Certes, ce qui est présenté ici, dans les grandes lignes – et même si ma présentation semble précise, elle n'en raconte que peu, je tiens à rassurer les potentiels lecteurs, ce n'est pas dans mon habitude de révéler des pans importants d'une intrigue -, correspond parfaitement au principe d'une narration multiple, mêlant voix et temporalités diverses, comme savent si bien le faire les romanciers américains depuis une dizaine d'années.
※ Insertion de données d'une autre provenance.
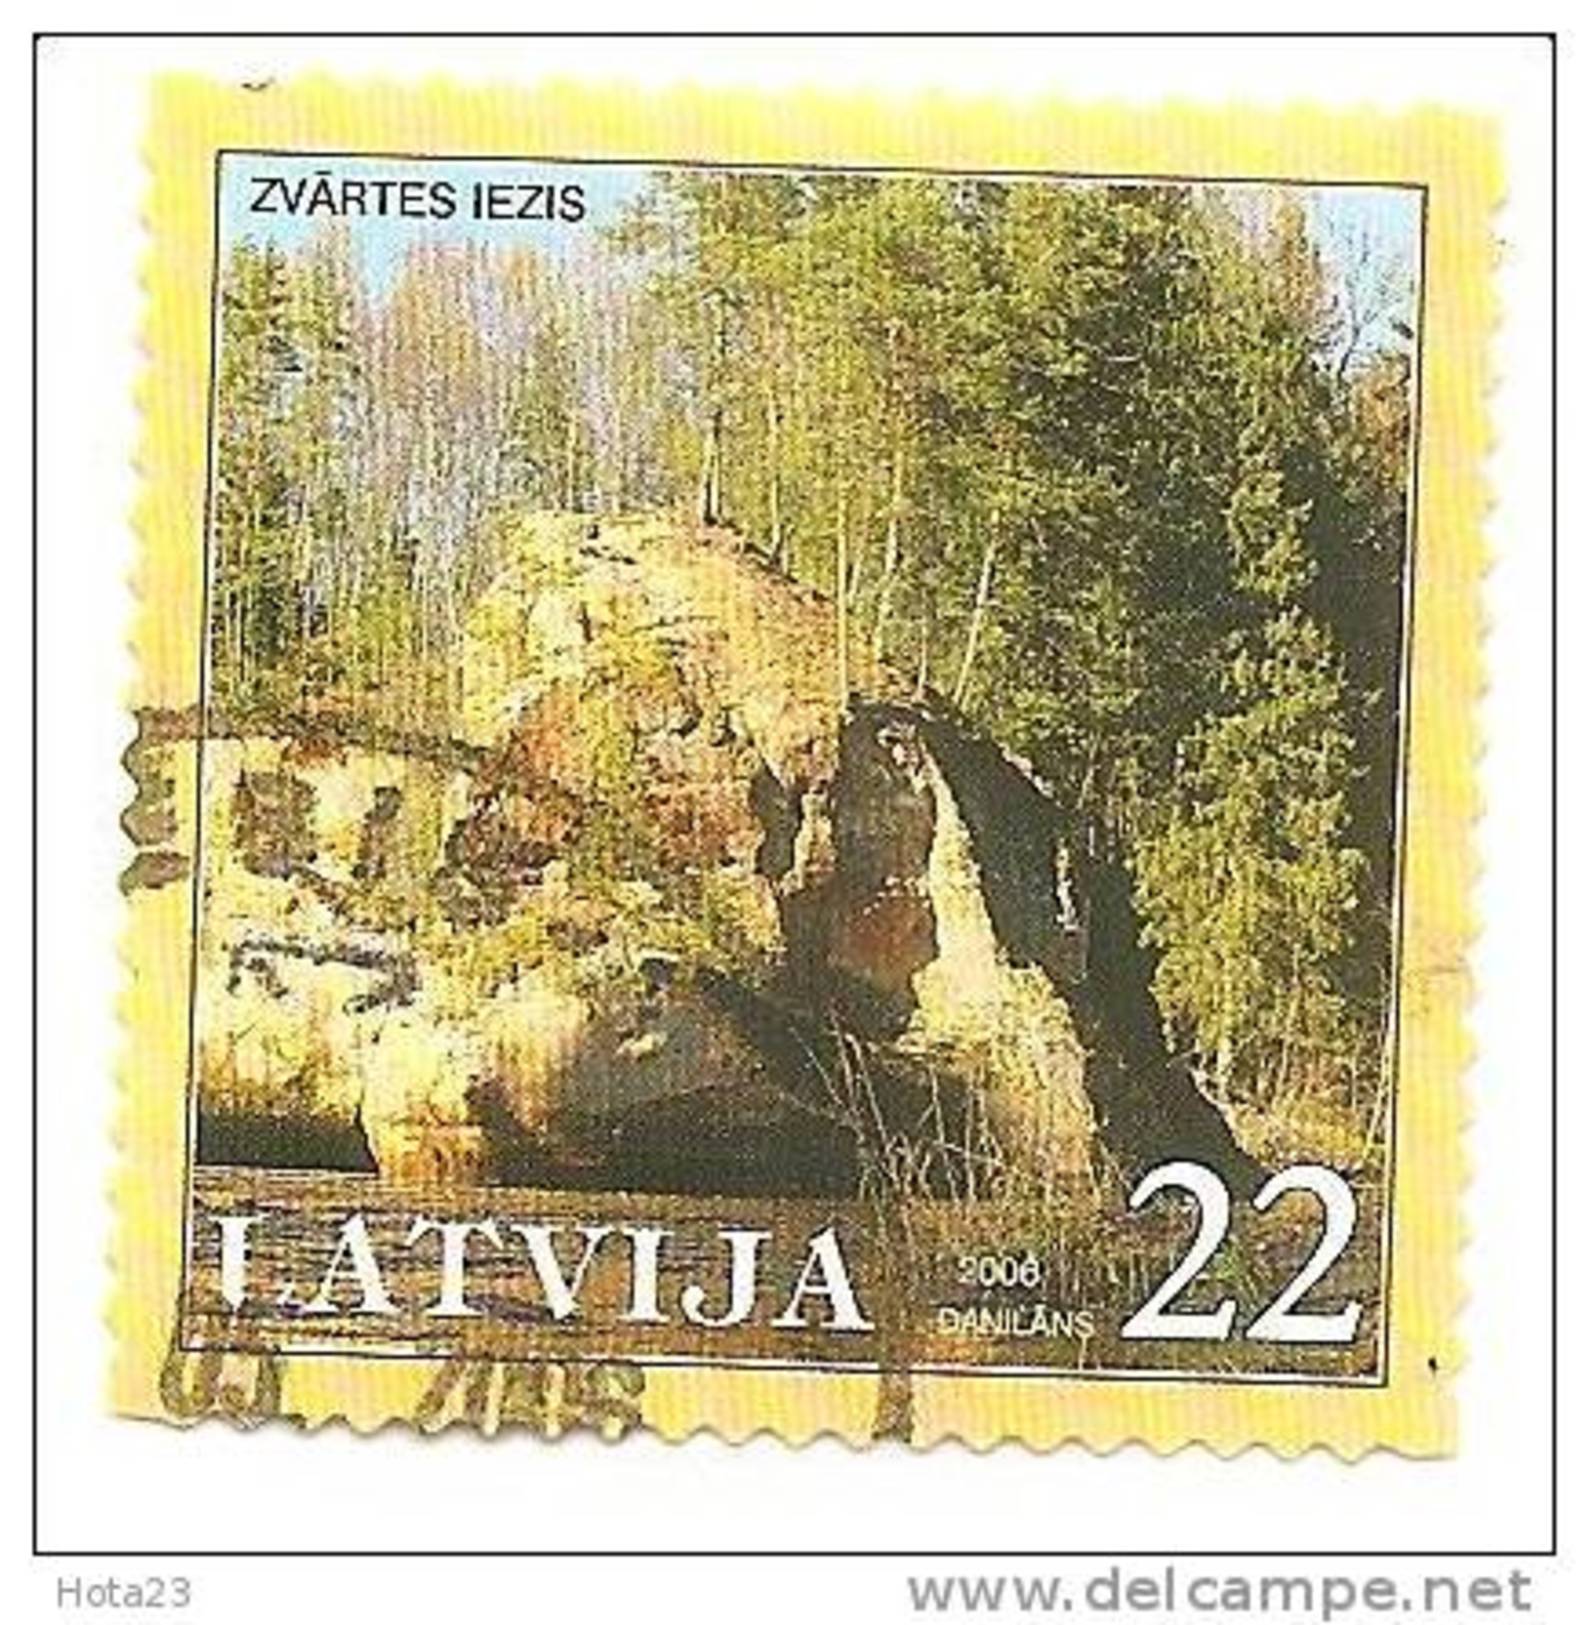 Latvia -2006 ROCK - "ZVARTA" -- Used (0) - Lettonia
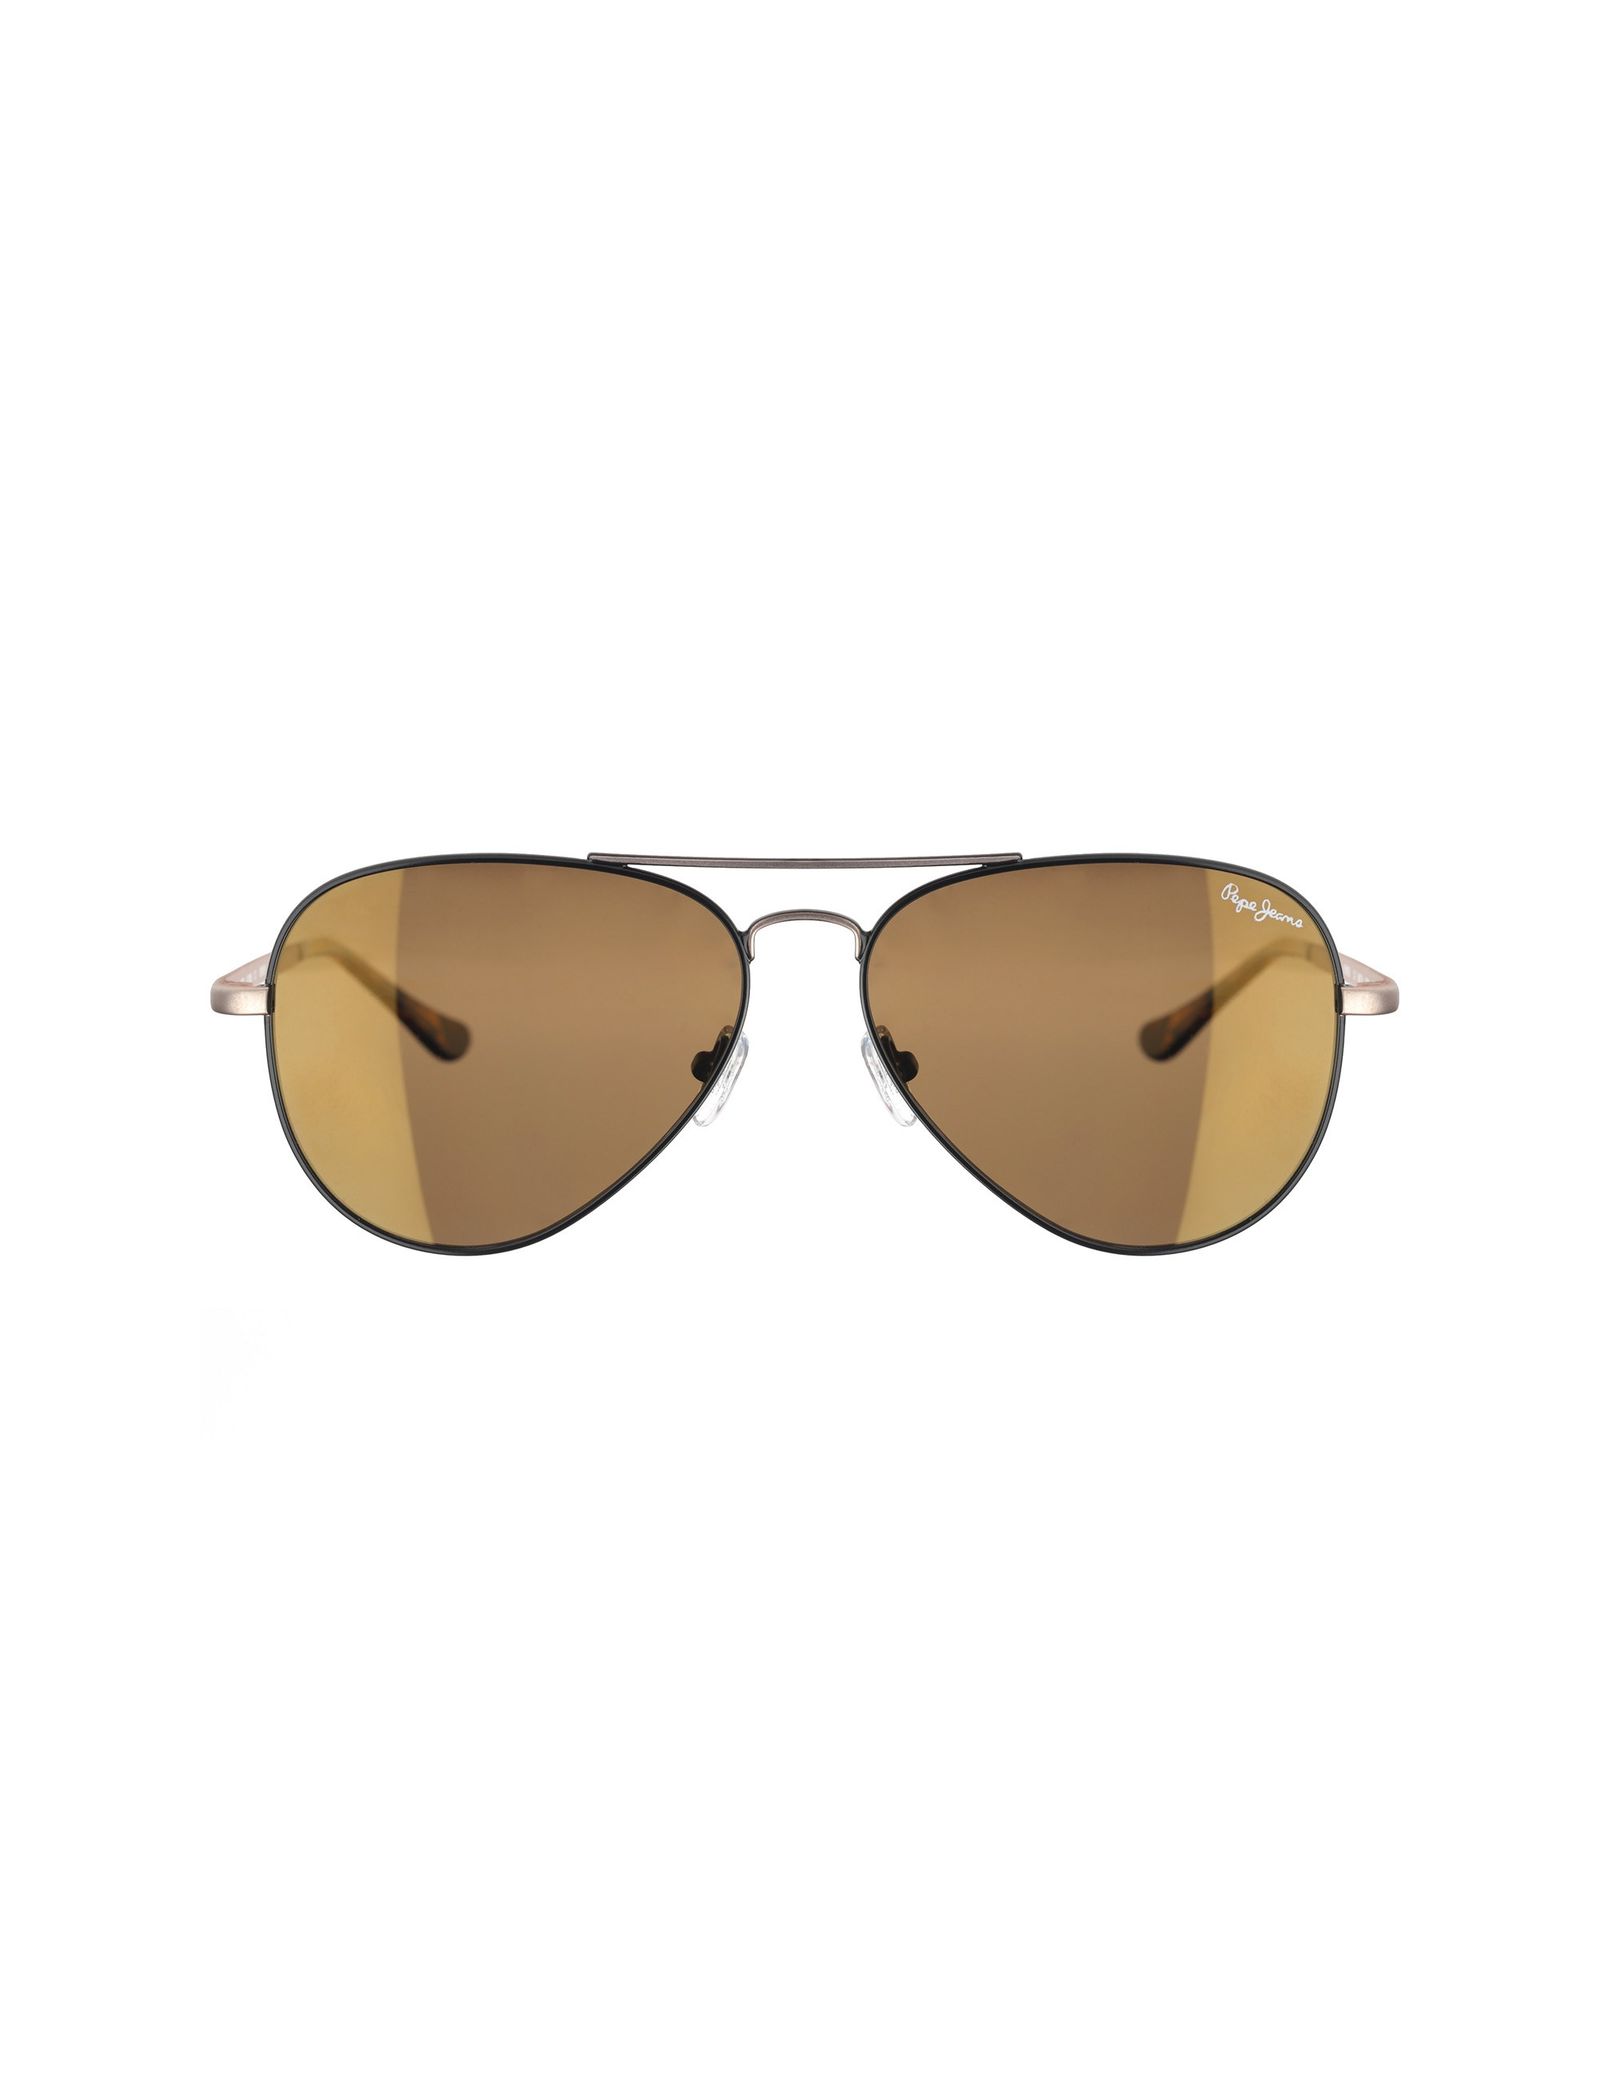 عینک آفتابی خلبانی زنانه - پپه جینز - مشکي و طلايي - 2

Mais, comme cela est trop souvent le cas, et de plus en plus souvent à mon sens, cette narration est ici d'un artifice assez grossier, semblant forcer le récit pour le faire tenir dans la case obligée du roman choral, avec des chapitres commençant par dates, lieux, et noms des personnages à l'appui, suivant toujours plus ou moins le même ordre, et le même nombre, d'apparitions au fil des parties, sans que cela ne soit vraiment nécessaire pour savoir qui est qui au fil du récit.

Par la description qu'il nous fait d'une famille sans cesse sur le fil du rasoir, et pas seulement financièrement, toujours dans l'entre-deux, et de ses traditions séculaires hawaïennes, au plus proche d'une nature sensible, vivante, puissamment fantastique et poétique, et de ses nécessités, pour les parents, à devoir, très prosaïquement, travailler comme des bêtes de somme pour simplement survivre, voire tenter de sortir sa progéniture du marasme qu'est devenue Hawaï pour une partie des locaux, au-delà de tout idéalisme touristique de carte postale, pour qui l'archipel rime plutôt avec pauvreté, chômage, précarité massifs, ce roman avait tout pour être d'une grande force d'évocation, mêlant avec virtuosité les antagonismes de chaque personnage, et dans le même temps d'Hawaï même. Mais la construction narrative évoquée précédemment m'a vraiment empêchée d'être pleinement emmenée par l'histoire de cette famille, comme si cette histoire perdait ainsi une partie de sa beauté et de son souffle tragiques, engoncée comme elle l'est d'un carcan stylistique devenu trop banal.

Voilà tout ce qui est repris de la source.